Putting it all together -- the advanced RAG stack
Here's what a production RAG pipeline actually looks like once you layer these techniques:
class AdvancedRAGPipeline:
"""Production RAG pipeline with hybrid search + re-ranking."""
def __init__(self, embedder, reranker, bm25_index, chunks):
self.embedder = embedder
self.reranker = reranker
self.bm25 = bm25_index
self.chunks = chunks
self.embeddings = embedder.encode(
chunks, normalize_embeddings=True)
def query(self, question, alpha=0.5, initial_k=20,
final_k=5, threshold=0.0):
# Stage 1: Hybrid retrieval (dense + sparse)

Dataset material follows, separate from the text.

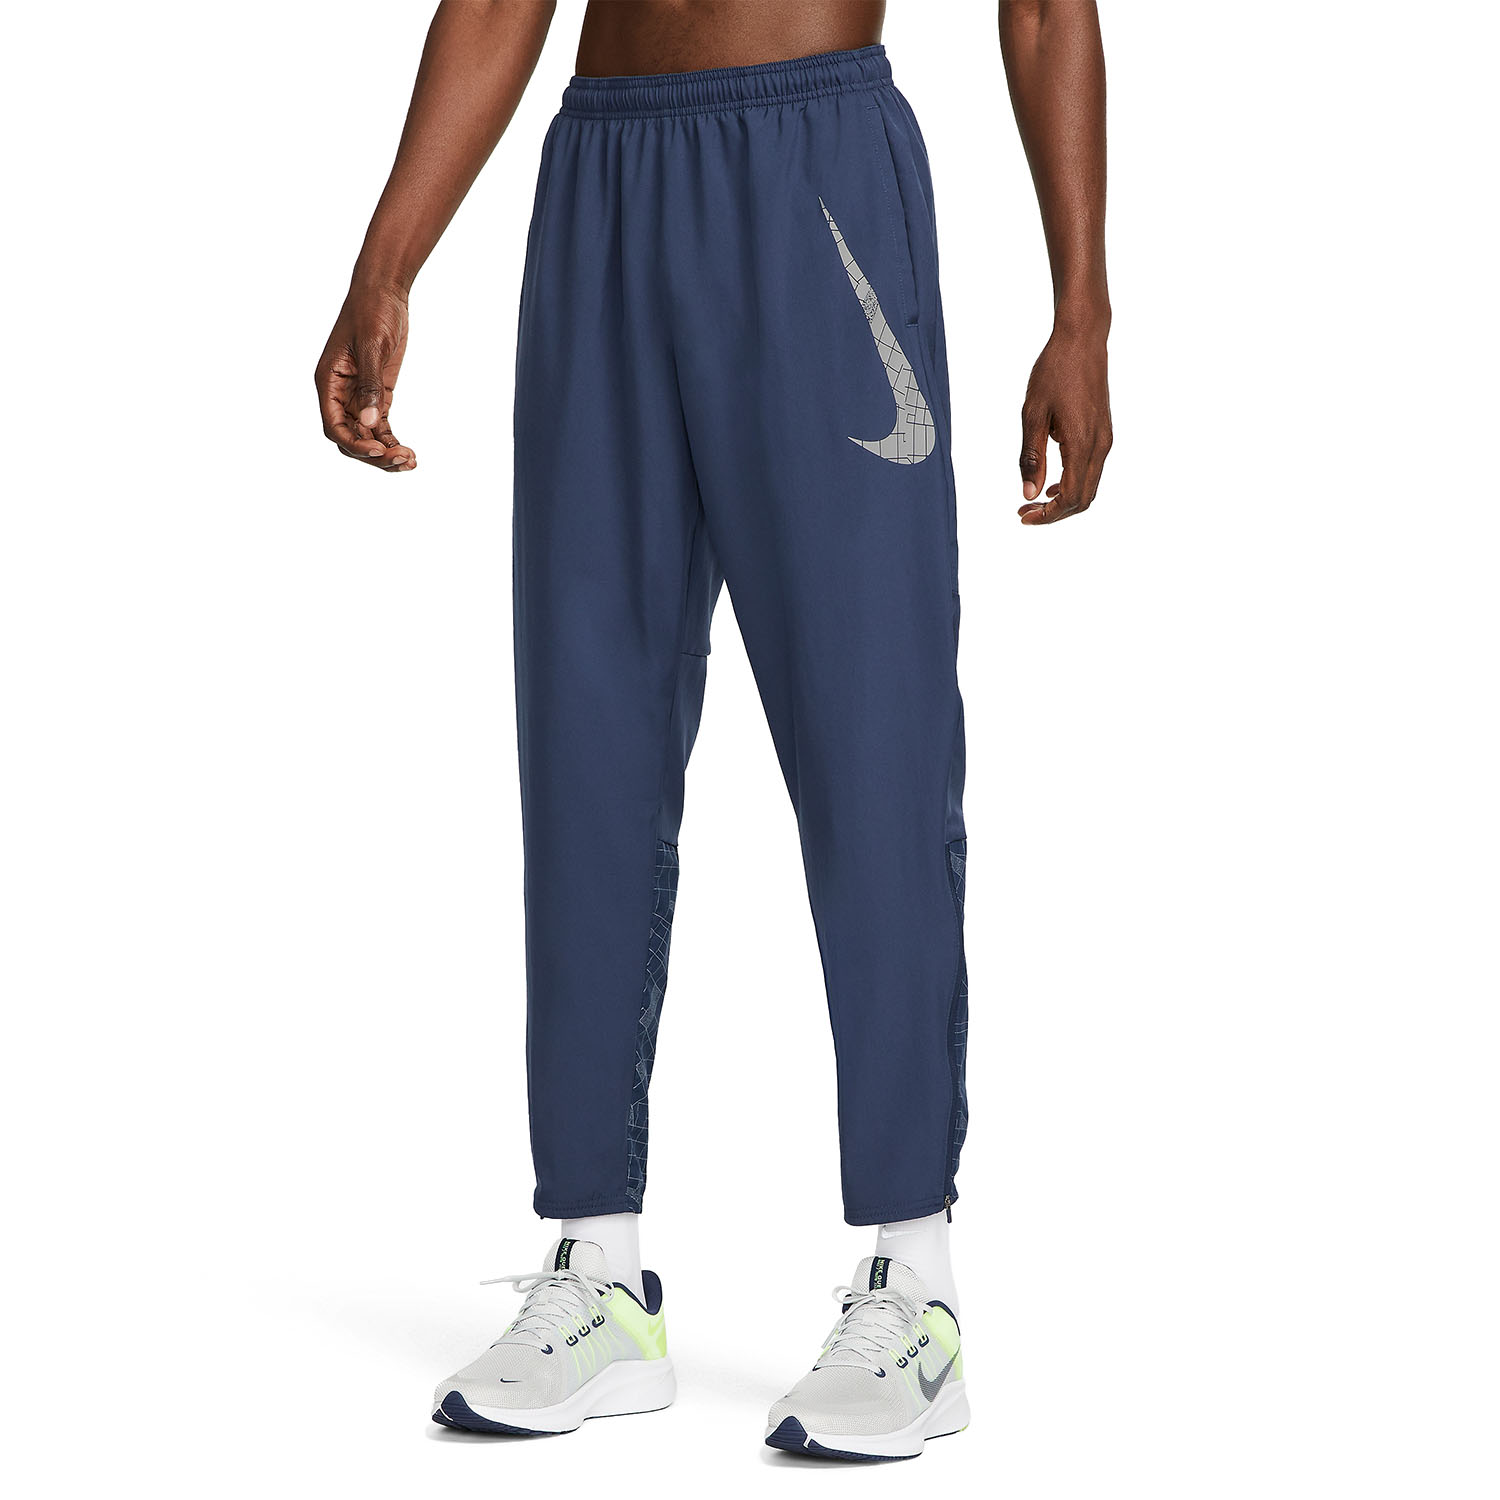 Nike Run Division Challenger Men's Running Pants - Black

q_emb = self.embedder.encode(
[question], normalize_embeddings=True)
dense_scores = (self.embeddings @ q_emb.T).flatten()
sparse_scores = self.bm25.get_scores(
question.lower().split())
# Normalize
d_range = dense_scores.max() - dense_scores.min() + 1e-8
dense_norm = (dense_scores - dense_scores.min()) / d_range
s_range = sparse_scores.max() - sparse_scores.min() + 1e-8
sparse_norm = (sparse_scores - sparse_scores.min()) / s_range
combined = alpha * dense_norm + (1 - alpha) * sparse_norm
candidates = np.argsort(combined)[::-1][:initial_k]

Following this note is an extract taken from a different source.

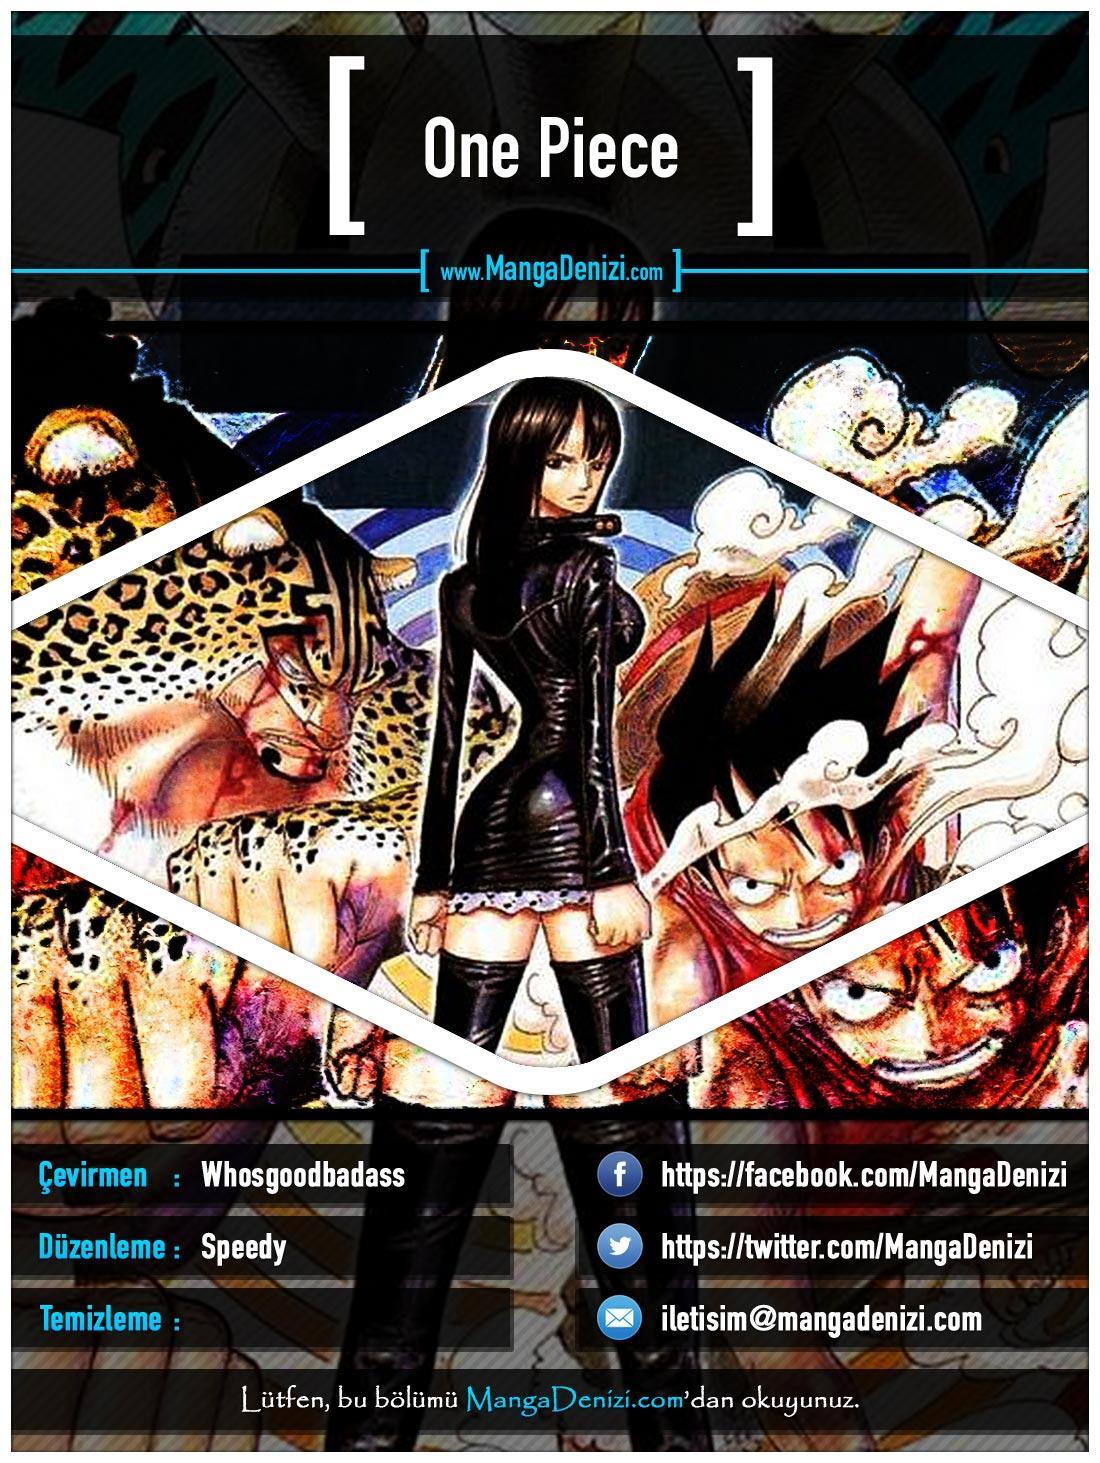 One Piece [Renkli] mangasının 0395 bölümünün 1. sayfasını okuyorsunuz.

# Stage 2: Re-rank with cross-encoder
pairs = [(question, self.chunks[i]) for i in candidates]
rerank_scores = self.reranker.predict(pairs)

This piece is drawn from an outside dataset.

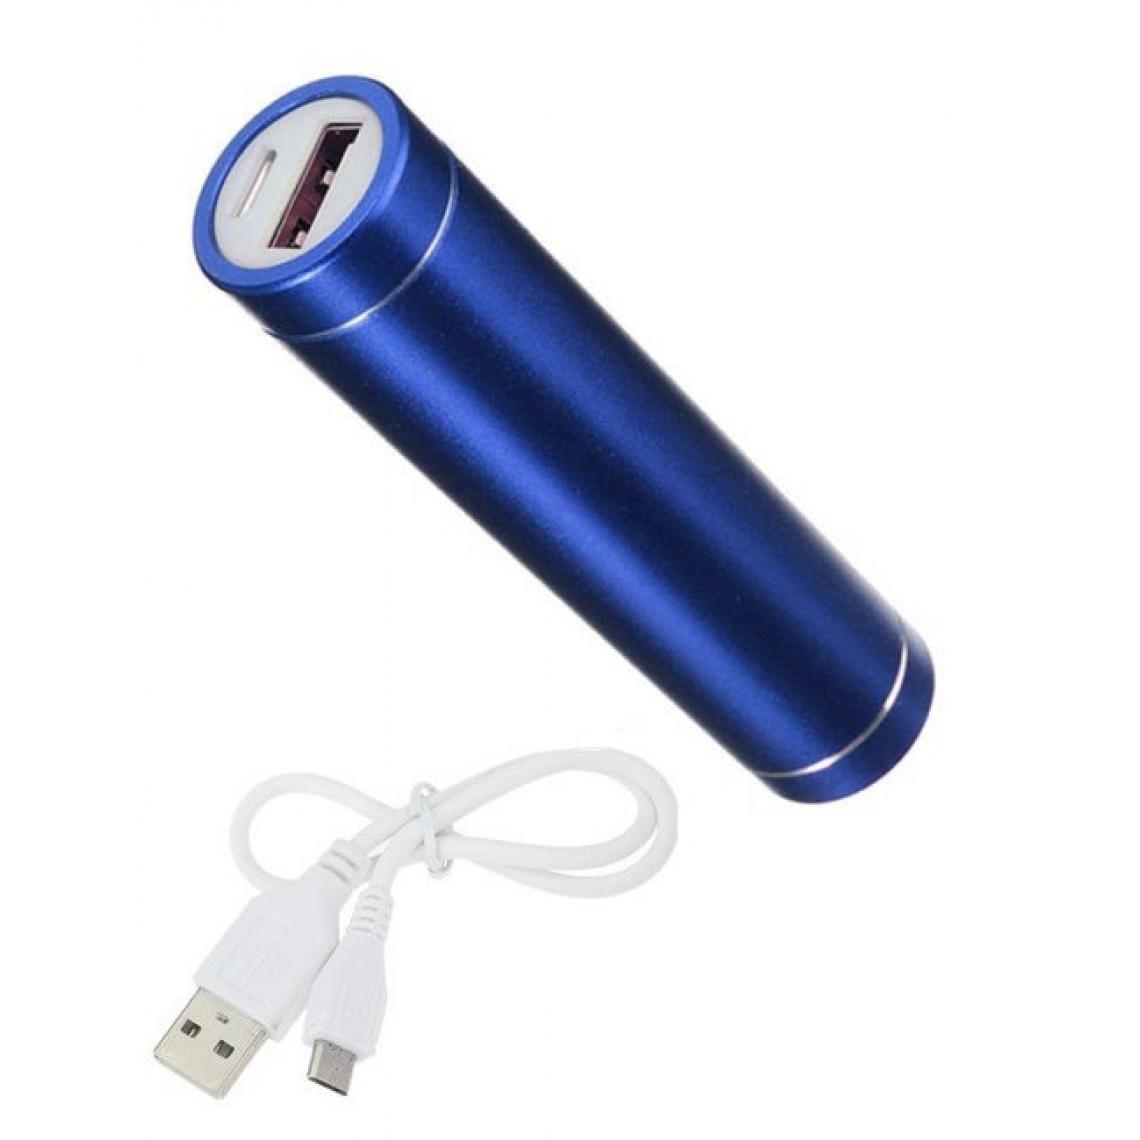 Shot - Batterie Chargeur Externe pour XIAOMI Redmi Note 6 Power Bank 2600mAh avec Cable USB/Mirco USB Secours Telephon (BLEU) - Chargeur secteur téléphone

# Stage 3: Filter by threshold and return top results
ranked = sorted(
zip(candidates, rerank_scores),
key=lambda x: x[1], reverse=True)
results = [(self.chunks[i], float(s))
for i, s in ranked[:final_k]
if s > threshold]
return results
# Usage pattern:
# pipeline = AdvancedRAGPipeline(embedder, reranker, bm25, chunks)
# results = pipeline.query("How does torch.compile work?")
# prompt = build_prompt(question, results)
# answer = llm.generate(prompt)
print("Advanced RAG pipeline stages:")
print(" 1. Hybrid retrieval: dense + BM25 keyword search")
print(" 2. Re-ranking: cross-encoder scores query-doc pairs")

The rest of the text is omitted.